Lately things seem to be clicking more for me, things i’ve wanted, the woman i’ve always wanted to be are happening. In thinking about that i realize that alot of that is true because of the positive reinforcement, discipline, and freedom granted me through my slavery and Master’s guidance. i’m a bit of an idealist (ok a huge idealist) and a dreamer, i come up with all sorts of plans and ideas for different things. However, historically i have lacked discipline to make any of it come true. Master helps me formulate plans, guides me into what is realistic and what kind of time & money He’s willing to let me put into something. When i get excited about new shelving or garden layouts, He helps me with the mechanics of it all and makes sure that everything is stable and safe. He makes sure i understand the commitment involved and generally allows me to move forward unless the idea is too costly for the return, dangerous or unfeasible. i honestly think one of Master’s biggest jobs is protecting me from myself.

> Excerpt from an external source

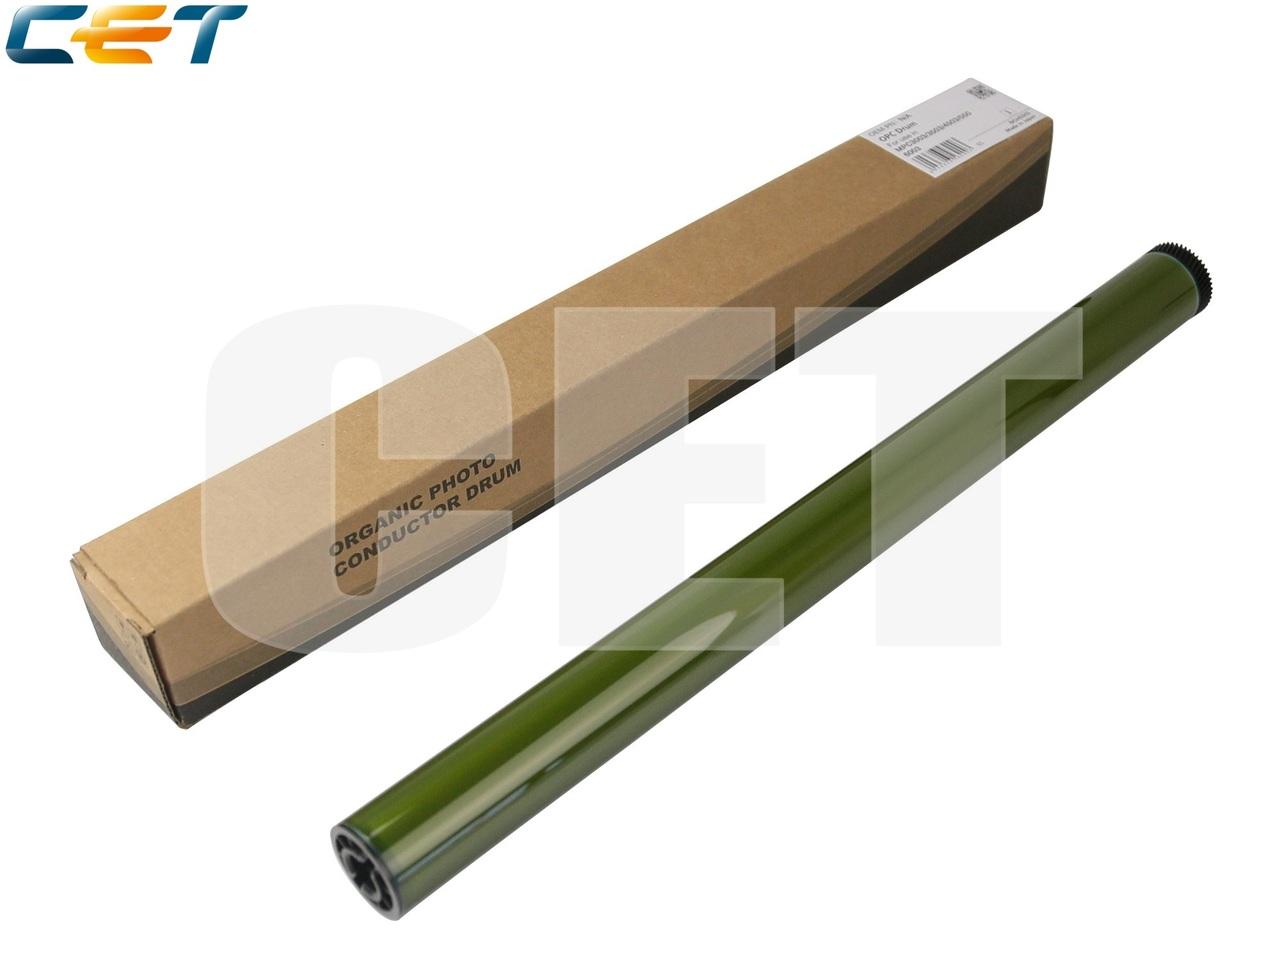 Барабан (Япония, цвет покрытия темно-зеленый) для RICOHMPC3003/3503/4503/5503/6003/4504/6004 (CET), 400000 стр.,CET6200

The thing i’m learning is that the woman i’ve always wanted to be for the most part is exactly the woman He wants and the woman He encourages to grow. He’s given me the freedom to not worry about anything and turn it over to Him. Do i still worry, of course sometimes but it’s less then ever before. He’s given me the freedom and the rule to express myself, my hopes, my dreams, my fears without the fear of being rejected or degraded for them in fact i’m more highly treasured when i do.

He reinforces my getting fit/loosing weight routine just by constantly letting me know how good i’m doing. He provides discipline with small lectures and not letting me sleep in and missing a work out, even though my own desire to do so rarely happens. He reinforces my desire to be a good homemaker and slave by on occasion calling me after He eats His packed lunch letting me know how good it was. He provides structure and discpline so that i don’t overbook my time and can take great pleasure in packing His lunch or cleaning His home. The simple words “good girl” that come from Him during a new or difficult task give me enough positive reinforcement to try harder, to do better.

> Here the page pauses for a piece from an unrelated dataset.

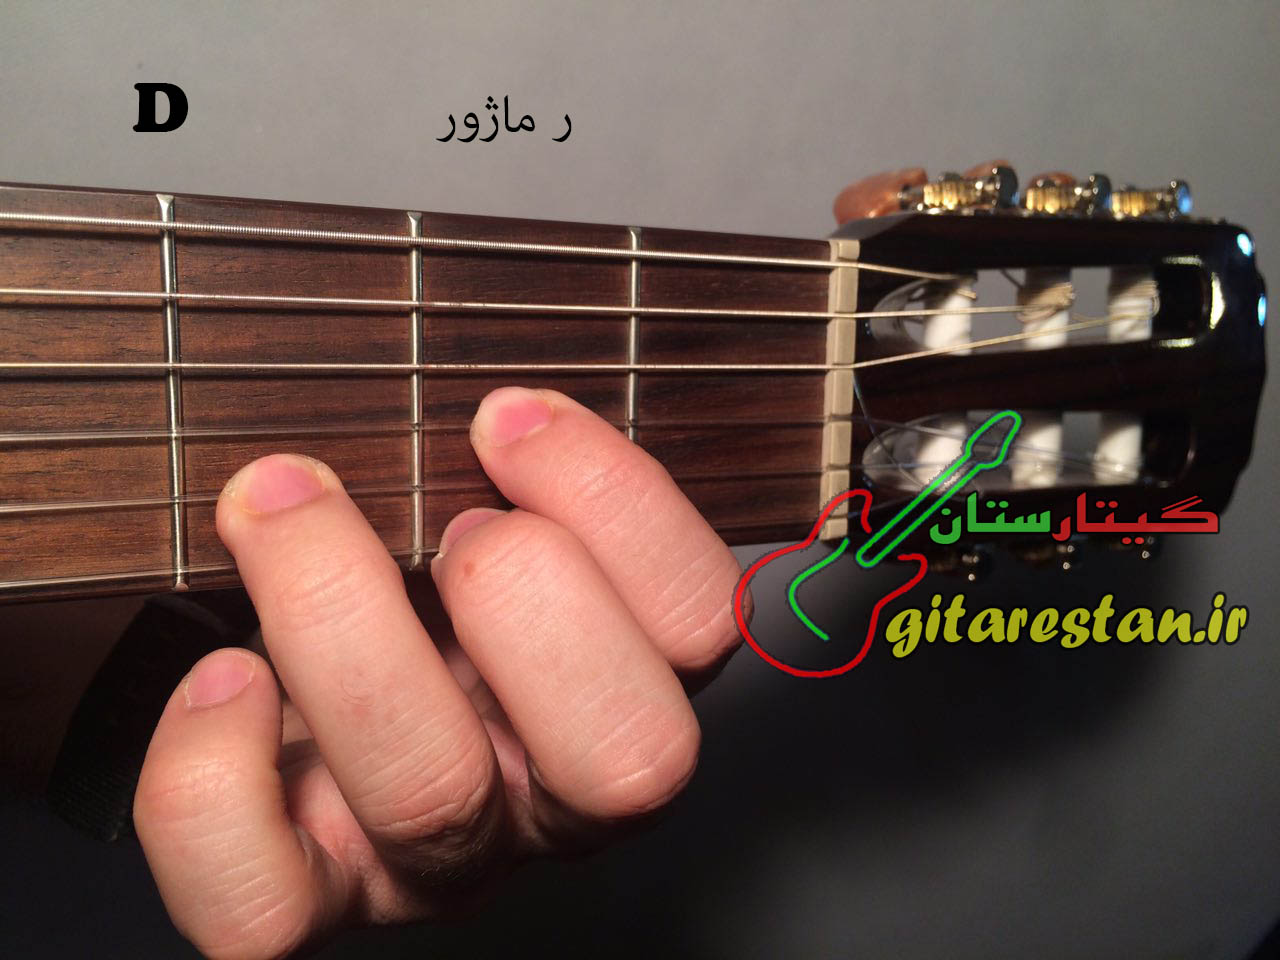 آکورد ر ماژور - گیتارستان

Master’s rules, discipline, and of course punishment when necessary guide me into becoming the slave He desires, the slut that craves His cock, the little girl that lives for making Him smile, the assitant whose only desire to serve and make His life easier. Yet in the process of living to serve and please Him, i’ve discovered the woman i’ve always wanted to be. i’m the gardener, the homemaker, the baker, the (very) small business owner, the quilter, the seamstress, and so much more.

 

One Response to “Becoming”

  1. yourlovingsub Says:

    thank you for your wonderful post. i too am finding the woman inside of me that i think has been yearning to come out. i guess it just takes what it takes. i’m quite interest in how your Master supports you in your weight loss. i too am on a journey of weight loss and and feel better and better which helps me feel more comfortable in the bedroom when i often struggle when i often deal with body image issues. although my Master always reminds me how beautiful i am.
    My Master and i are on the same page every day, we are able to speak openly (when i ask permission of course) and we share our journey together. now if i could learn to be the seamstress/cook/writers that he encourages me to be, i’ll be right there with you.